TASK REQUIREMENTS: Copy the listing below in full, exactly as given.
=== Begin Enclosure ===
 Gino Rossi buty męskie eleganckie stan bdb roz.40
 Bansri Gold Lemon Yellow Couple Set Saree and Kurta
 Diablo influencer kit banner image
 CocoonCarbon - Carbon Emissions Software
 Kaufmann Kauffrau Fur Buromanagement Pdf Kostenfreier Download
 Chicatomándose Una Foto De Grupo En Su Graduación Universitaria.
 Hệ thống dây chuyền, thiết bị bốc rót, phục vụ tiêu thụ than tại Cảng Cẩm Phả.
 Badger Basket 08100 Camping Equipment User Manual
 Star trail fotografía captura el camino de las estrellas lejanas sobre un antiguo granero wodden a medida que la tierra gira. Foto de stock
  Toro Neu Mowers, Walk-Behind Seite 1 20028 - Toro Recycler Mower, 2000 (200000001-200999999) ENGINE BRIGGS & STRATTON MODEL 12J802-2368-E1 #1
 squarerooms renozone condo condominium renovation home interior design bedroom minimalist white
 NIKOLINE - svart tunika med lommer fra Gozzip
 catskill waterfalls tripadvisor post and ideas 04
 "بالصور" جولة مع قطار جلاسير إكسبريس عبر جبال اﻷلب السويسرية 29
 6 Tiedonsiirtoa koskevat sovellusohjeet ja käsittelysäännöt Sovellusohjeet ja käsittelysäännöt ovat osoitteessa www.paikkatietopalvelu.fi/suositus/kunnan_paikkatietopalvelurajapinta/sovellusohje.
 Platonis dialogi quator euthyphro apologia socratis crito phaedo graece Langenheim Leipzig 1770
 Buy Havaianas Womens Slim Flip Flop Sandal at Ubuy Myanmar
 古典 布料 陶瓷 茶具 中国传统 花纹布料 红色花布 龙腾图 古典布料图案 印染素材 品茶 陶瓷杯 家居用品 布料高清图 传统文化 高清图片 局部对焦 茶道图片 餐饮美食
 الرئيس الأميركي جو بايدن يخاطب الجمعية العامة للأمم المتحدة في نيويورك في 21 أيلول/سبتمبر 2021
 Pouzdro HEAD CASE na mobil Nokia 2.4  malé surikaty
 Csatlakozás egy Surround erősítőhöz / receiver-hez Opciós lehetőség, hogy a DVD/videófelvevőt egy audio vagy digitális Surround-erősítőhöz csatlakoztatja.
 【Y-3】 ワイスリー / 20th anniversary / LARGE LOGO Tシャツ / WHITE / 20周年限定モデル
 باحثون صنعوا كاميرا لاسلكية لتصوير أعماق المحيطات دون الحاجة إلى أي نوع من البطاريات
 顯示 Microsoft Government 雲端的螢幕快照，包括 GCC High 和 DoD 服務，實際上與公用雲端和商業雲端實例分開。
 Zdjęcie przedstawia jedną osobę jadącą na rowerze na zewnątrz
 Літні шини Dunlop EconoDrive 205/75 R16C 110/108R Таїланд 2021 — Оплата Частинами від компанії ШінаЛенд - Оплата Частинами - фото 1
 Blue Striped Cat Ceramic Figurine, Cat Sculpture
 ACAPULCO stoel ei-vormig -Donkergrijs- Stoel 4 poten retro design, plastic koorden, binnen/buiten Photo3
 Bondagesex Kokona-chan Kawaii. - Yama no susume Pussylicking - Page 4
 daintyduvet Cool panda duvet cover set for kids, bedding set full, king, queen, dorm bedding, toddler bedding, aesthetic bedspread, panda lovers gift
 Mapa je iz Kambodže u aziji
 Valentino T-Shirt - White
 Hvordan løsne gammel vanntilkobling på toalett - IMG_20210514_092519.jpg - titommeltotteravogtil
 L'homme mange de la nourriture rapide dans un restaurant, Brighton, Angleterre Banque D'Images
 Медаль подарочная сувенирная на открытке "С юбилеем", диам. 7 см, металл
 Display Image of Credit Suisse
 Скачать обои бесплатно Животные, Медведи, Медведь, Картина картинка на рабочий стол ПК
=== End Enclosure ===
SOLUTION:
 Gino Rossi buty męskie eleganckie stan bdb roz.40
 Bansri Gold Lemon Yellow Couple Set Saree and Kurta
 Diablo influencer kit banner image
 CocoonCarbon - Carbon Emissions Software
 Kaufmann Kauffrau Fur Buromanagement Pdf Kostenfreier Download
 Chicatomándose Una Foto De Grupo En Su Graduación Universitaria.
 Hệ thống dây chuyền, thiết bị bốc rót, phục vụ tiêu thụ than tại Cảng Cẩm Phả.
 Badger Basket 08100 Camping Equipment User Manual
 Star trail fotografía captura el camino de las estrellas lejanas sobre un antiguo granero wodden a medida que la tierra gira. Foto de stock
  Toro Neu Mowers, Walk-Behind Seite 1 20028 - Toro Recycler Mower, 2000 (200000001-200999999) ENGINE BRIGGS & STRATTON MODEL 12J802-2368-E1 #1
 squarerooms renozone condo condominium renovation home interior design bedroom minimalist white
 NIKOLINE - svart tunika med lommer fra Gozzip
 catskill waterfalls tripadvisor post and ideas 04
 "بالصور" جولة مع قطار جلاسير إكسبريس عبر جبال اﻷلب السويسرية 29
 6 Tiedonsiirtoa koskevat sovellusohjeet ja käsittelysäännöt Sovellusohjeet ja käsittelysäännöt ovat osoitteessa www.paikkatietopalvelu.fi/suositus/kunnan_paikkatietopalvelurajapinta/sovellusohje.
 Platonis dialogi quator euthyphro apologia socratis crito phaedo graece Langenheim Leipzig 1770
 Buy Havaianas Womens Slim Flip Flop Sandal at Ubuy Myanmar
 古典 布料 陶瓷 茶具 中国传统 花纹布料 红色花布 龙腾图 古典布料图案 印染素材 品茶 陶瓷杯 家居用品 布料高清图 传统文化 高清图片 局部对焦 茶道图片 餐饮美食
 الرئيس الأميركي جو بايدن يخاطب الجمعية العامة للأمم المتحدة في نيويورك في 21 أيلول/سبتمبر 2021
 Pouzdro HEAD CASE na mobil Nokia 2.4  malé surikaty
 Csatlakozás egy Surround erősítőhöz / receiver-hez Opciós lehetőség, hogy a DVD/videófelvevőt egy audio vagy digitális Surround-erősítőhöz csatlakoztatja.
 【Y-3】 ワイスリー / 20th anniversary / LARGE LOGO Tシャツ / WHITE / 20周年限定モデル
 باحثون صنعوا كاميرا لاسلكية لتصوير أعماق المحيطات دون الحاجة إلى أي نوع من البطاريات
 顯示 Microsoft Government 雲端的螢幕快照，包括 GCC High 和 DoD 服務，實際上與公用雲端和商業雲端實例分開。
 Zdjęcie przedstawia jedną osobę jadącą na rowerze na zewnątrz
 Літні шини Dunlop EconoDrive 205/75 R16C 110/108R Таїланд 2021 — Оплата Частинами від компанії ШінаЛенд - Оплата Частинами - фото 1
 Blue Striped Cat Ceramic Figurine, Cat Sculpture
 ACAPULCO stoel ei-vormig -Donkergrijs- Stoel 4 poten retro design, plastic koorden, binnen/buiten Photo3
 Bondagesex Kokona-chan Kawaii. - Yama no susume Pussylicking - Page 4
 daintyduvet Cool panda duvet cover set for kids, bedding set full, king, queen, dorm bedding, toddler bedding, aesthetic bedspread, panda lovers gift
 Mapa je iz Kambodže u aziji
 Valentino T-Shirt - White
 Hvordan løsne gammel vanntilkobling på toalett - IMG_20210514_092519.jpg - titommeltotteravogtil
 L'homme mange de la nourriture rapide dans un restaurant, Brighton, Angleterre Banque D'Images
 Медаль подарочная сувенирная на открытке "С юбилеем", диам. 7 см, металл
 Display Image of Credit Suisse
 Скачать обои бесплатно Животные, Медведи, Медведь, Картина картинка на рабочий стол ПК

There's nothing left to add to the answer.